El híper
PEDRO UGARTEHace unos pocos días, el que escribe transitaba por una de las autovías del paisito. De pronto, en una de las desviaciones, se había formado una caravana kilométrica, tanto más incomprensible cuanto que no había rastro de accidente alguno. Por otra parte, era sábado, uno de esos días en que no se producen atascos por motivos laborales. Como el cielo estaba nublado, tampoco era previsible que la larga hilera de coches se dirigiera hacia alguna playa en busca de un sol epilogal. Todo parecía rigurosamente extraordinario. Claro que al que escribe se le había escapado un detalle fundamental. Tardó algunos minutos (no es la suya una mente especialmente privilegiada) en comprenderlo todo: allá sobre un alto se alzaba, enorme como una faraónica pirámide, temible como una kafkiana fortaleza, el centro comercial, uno de tantos centros comerciales que de un tiempo a esta parte jalonan la geografía del paisito. Primera hora de la tarde y atasco a la entrada del híper. Coches y más coches atestados de rostros aturdidos. Familias nucleares en busca de ocio y de consumo. El que escribe sintió algo parecido al vértigo. Había que estar allí, había que pasar al lado de aquel formidable atasco para comprender lo que ha hecho de nosotros la posmodernidad capitalista.
De unos años a esta parte, el híper ya no es el híper, sino un voluminoso centro comercial. Al híper no se va sólo a hacer acopio de viandas. Se va también a revelar el rollo fotográfico, a comer hamburguesas, a ver películas de cine, a soltar en los columpios a las criaturas. Ya no se compran sólo comestibles. Se compran calzoncillos y sujetadores (se compra incluso lencería), se duplican llaves, se reparan televisores, se contratan viajes de bodas, se arreglan gafas, segadoras y barbacoas. El híper es ahora un centro de ocio. Las familias se embarcan en los automóviles paternos en busca de un abigarrado centro comercial donde dejar la renta de la semana. Hemos centralizado el gasto como hace siglos centralizamos el trabajo. Se trata de una suerte de embudo: uno trabaja cinco días a la semana y se gasta lo ganado en otros dos.
Todo esto representa un atropello al humanismo. Las urbanizaciones de adosados, entornos desérticos y hostiles, empujan a la gente a tomar el coche, aunque sea para comprar un sacapuntas. Las economías de escala ejercen su dictadura implacable. Los centros urbanos, la vida social que genera la ciudad, se disuelven poco a poco. Ahora el pescado, los calcetines y los best sellers comparten escaparate. Una compacta soledad va a adueñarse de las aceras, de los bancos de los parques. La gente se borra a sí misma durante los días laborables, entregada al trabajo. Y el tiempo libre se convierte en una especie de endiablada enredadera, en un nuevo confinamiento que gira alrededor del centro comercial, un lugar donde el sistema (ah, el sistema, según se decía en otro tiempo) confisca las ganancias de forma inexorable.

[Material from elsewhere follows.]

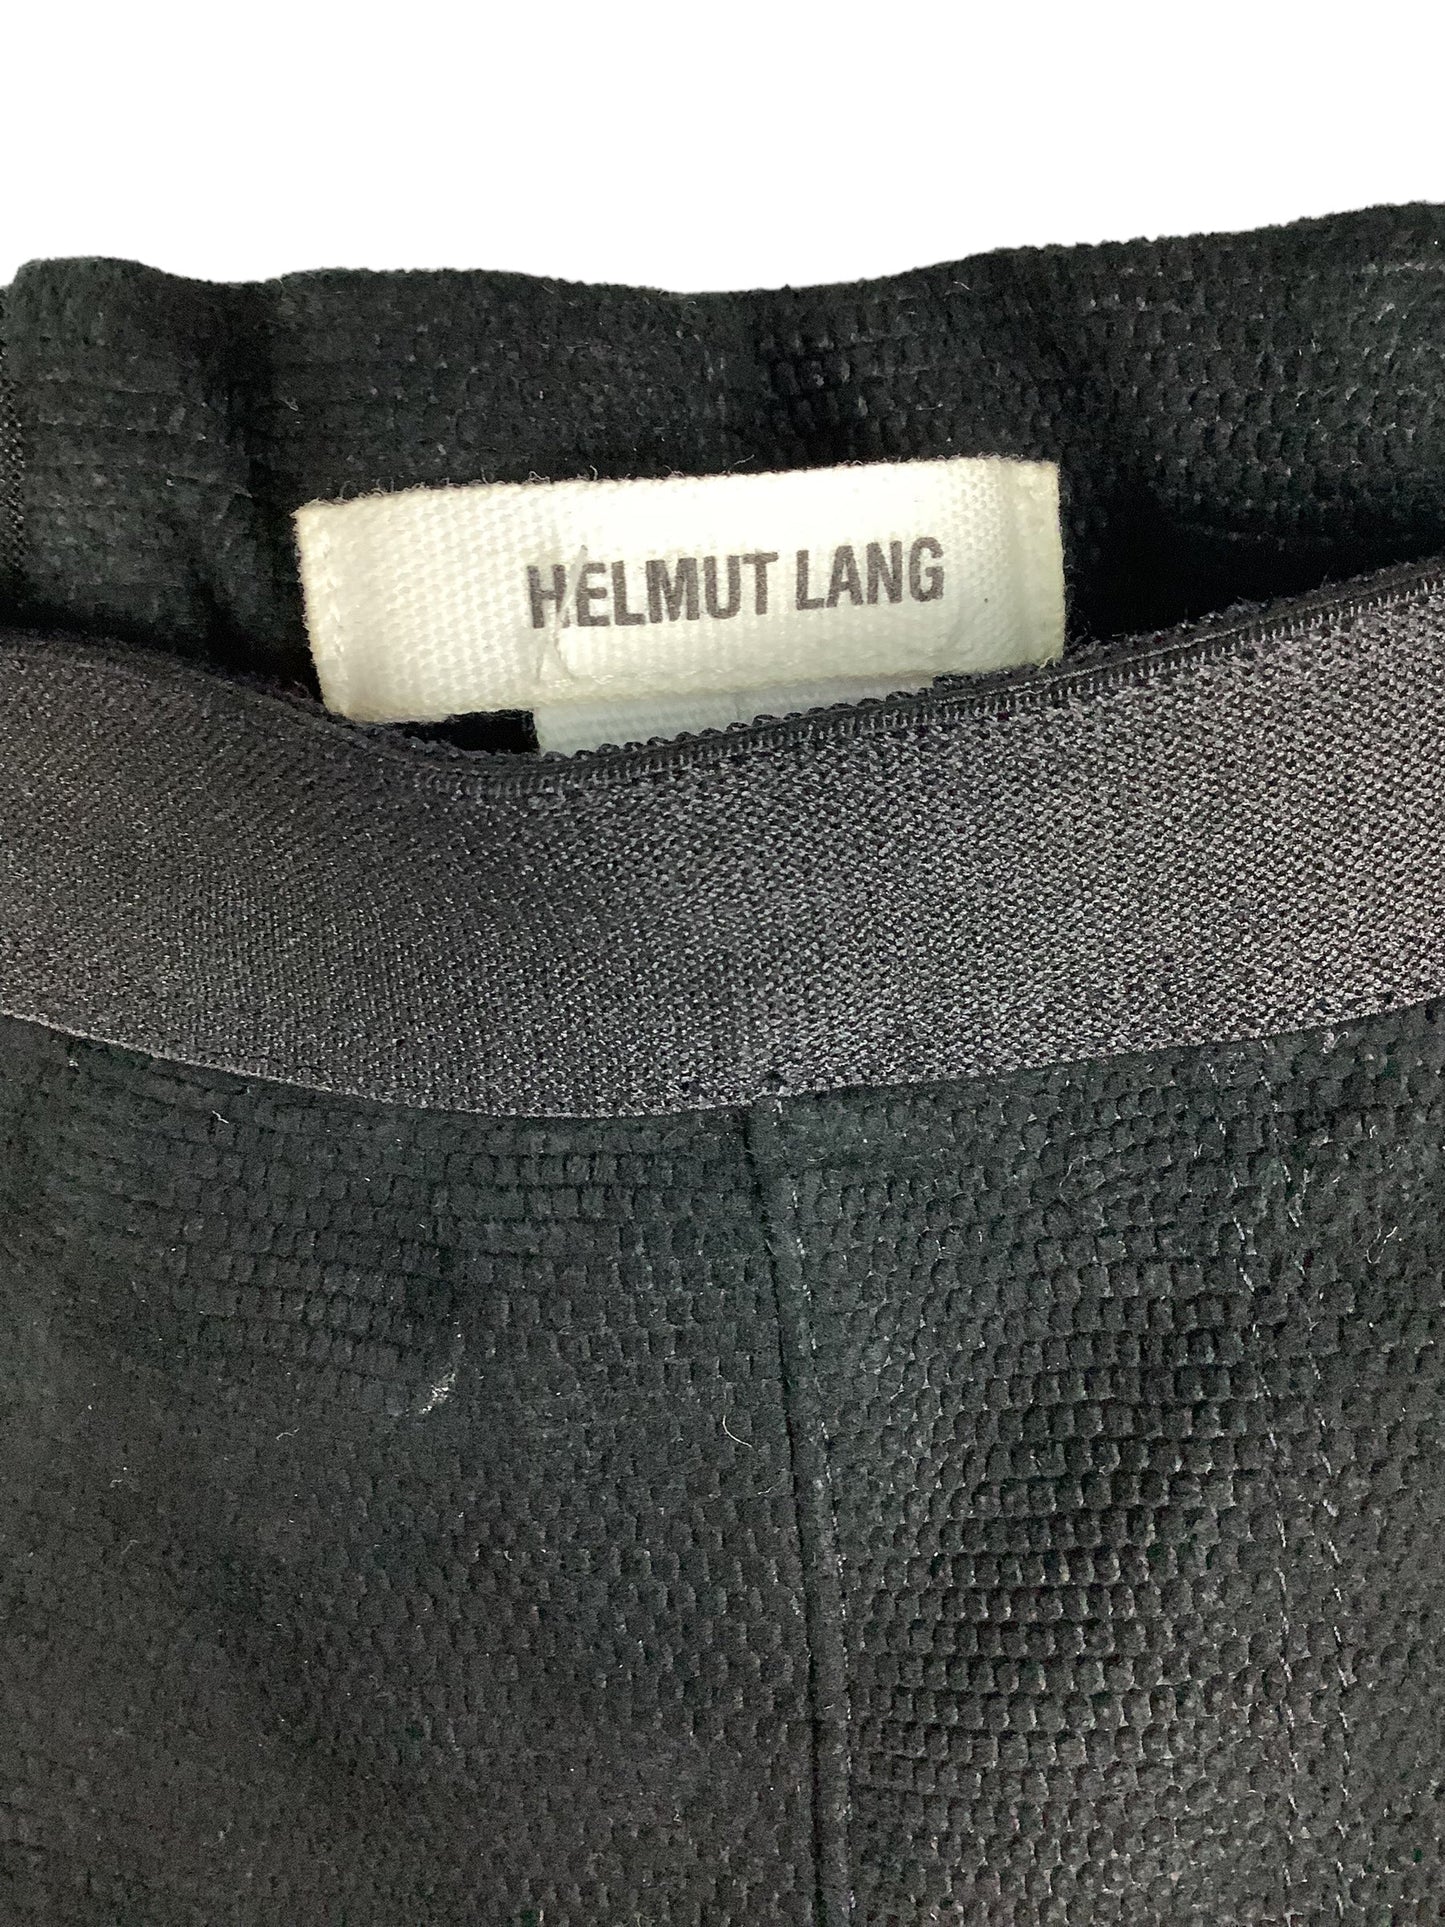 Black Pants Designer Helmut Lang, Size 2

Y por si estuviera poco asentada esta tendencia, que nos va arrancando de nuestra propia identidad, el visionario gobierno del Partido Popular apuntala el invento. La libertad de horarios comerciales irá clausurando las pequeñas tiendas de los centros urbanos. La liberalización de precios en los libros reducirá nuestras expectativas literarias a los trabajados volúmenes de Ana Rosa Quintana. La libertad del liberalismo, en fin, dispuesta a enclaustrarnos en centros comerciales, donde desprenderse de la humilde renta salarial sea una operación aún más vertiginosa. Podrá argumentarse que esos faraónicos almacenes permiten abaratar el precio de casi todo. Podrá decirse que centralizar el ocio, no sé, economiza esfuerzos y trabajos. Pero lo cierto es que la vida que se nos echa encima será más triste y solitaria, y el que escribe prefiere seguir encastillado en su vivienda urbana, en un lugar donde la convivencia tiene aún algo de barrio, de barrio chapado a la antigua.
El centro comercial nos colectiviza en algo parecido a una comuna maoísta, y a lo mejor eso es lo que explica, en el más profundo inconsciente, la afición que tantos ex marxistas han tomado a los encantos masificadores del libre mercado.